Acquisitions with manufacturing focus

Decentralized operations and central control over corporate policy

Acquire companies with stable earnings or earnings countercyclical

Value Added Manufacturing - Focus on products that served basic needs and that were manufactured with mature production technologies

Acquisition candidates possess its own strongest assets

Retain original brand names

Focused on companies manufacturing in US Market

What Next? Cooper Industries Case Study on Diversification

Slide 1: Good day to all! This presentation is entitled "What's Next?" and is a case study on the diversifications strategy of Cooper Industries, a diversified industrial corporation in the U.S.

Slide 2: The strategic challenge for Cooper Industries is whether it can buy two companies, or only one, or none at all, given the problems associated with the acquisition.

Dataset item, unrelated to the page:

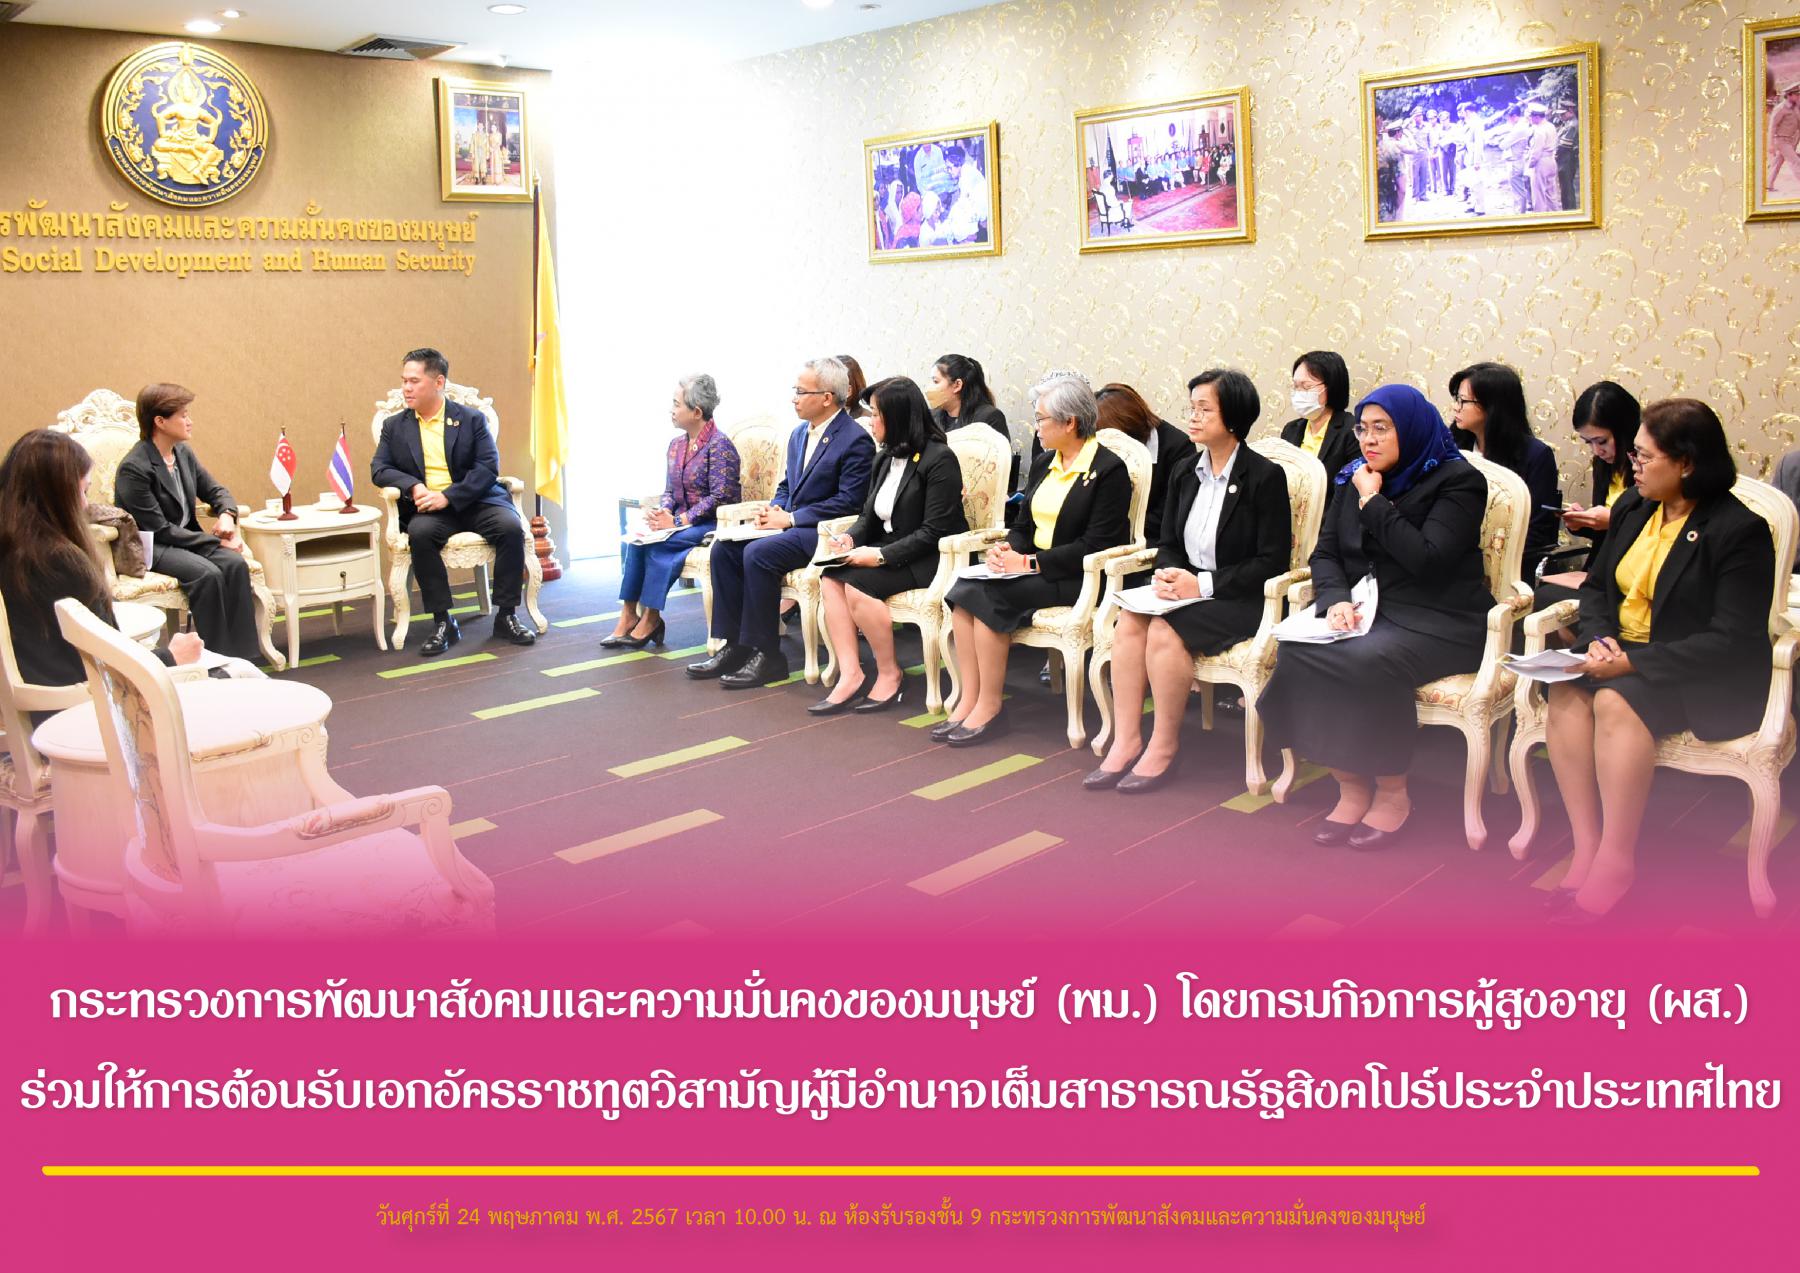 กระทรวงการพัฒนาสังคมและความมั่นคงของมนุษย์ (พม.) โดยกรมกิจการผู้สูงอายุ (ผส.) ร่วมให้การต้อนรับเอกอัครราชทูตวิสามัญผู้มีอำนาจเต็มสาธารณรัฐสิงคโปร์ประจำประเทศไทย

The solution arrived at after a thorough strategic analysis of Cooper's internal capabilities using the VRIO framework and its external opportunities using the S-C-P framework is that Cooper can buy both companies, sustain its growth strategy, enhance shareholder value, and develop an international diversification strategy..

Slide 3: Cooper's growth depends on wise diversification, buying companies that are inefficiently managed but with valuable brand names in industry sectors that are counter-cyclical to its traditional business of compression and drilling for energy.

With its experience and strength in Cooperization - the ability to transform poorly managed companies into highly efficient, profitable, and competitive businesses - it has been able to digest the companies that it buys and make them blend with what they have.

Slide 4: Cooper's growth strategy is through diversification and acquisition. After a business crisis in the late 1950s allowed an outsider to buy shares in the company, Cooper CEO Miller saw that the company needed to manufacture products that would not be affected by the business cycle in the same way and at the same time.

Cooper decided to buy companies instead of building them up from scratch because of high entry barriers in the manufacturing business, intense competition from business rivals, a limited number of suppliers (Cooper acquired some suppliers out of necessity), a growing base of customers, and the increasing number of product substitutes.

The 5-forces analysis shows increased business competition in the industry sectors where Cooper competes, giving the company the opportunity to benefit from economies of scope and scale by consolidating manufacturing and sales, marketing, and distribution channels. By cutting down overhead and fixed costs, closing down inefficient factories, and laying off workers, Cooper can generate more profit while growing its sales. Cooper can grow because it is good at turning crisis into opportunity.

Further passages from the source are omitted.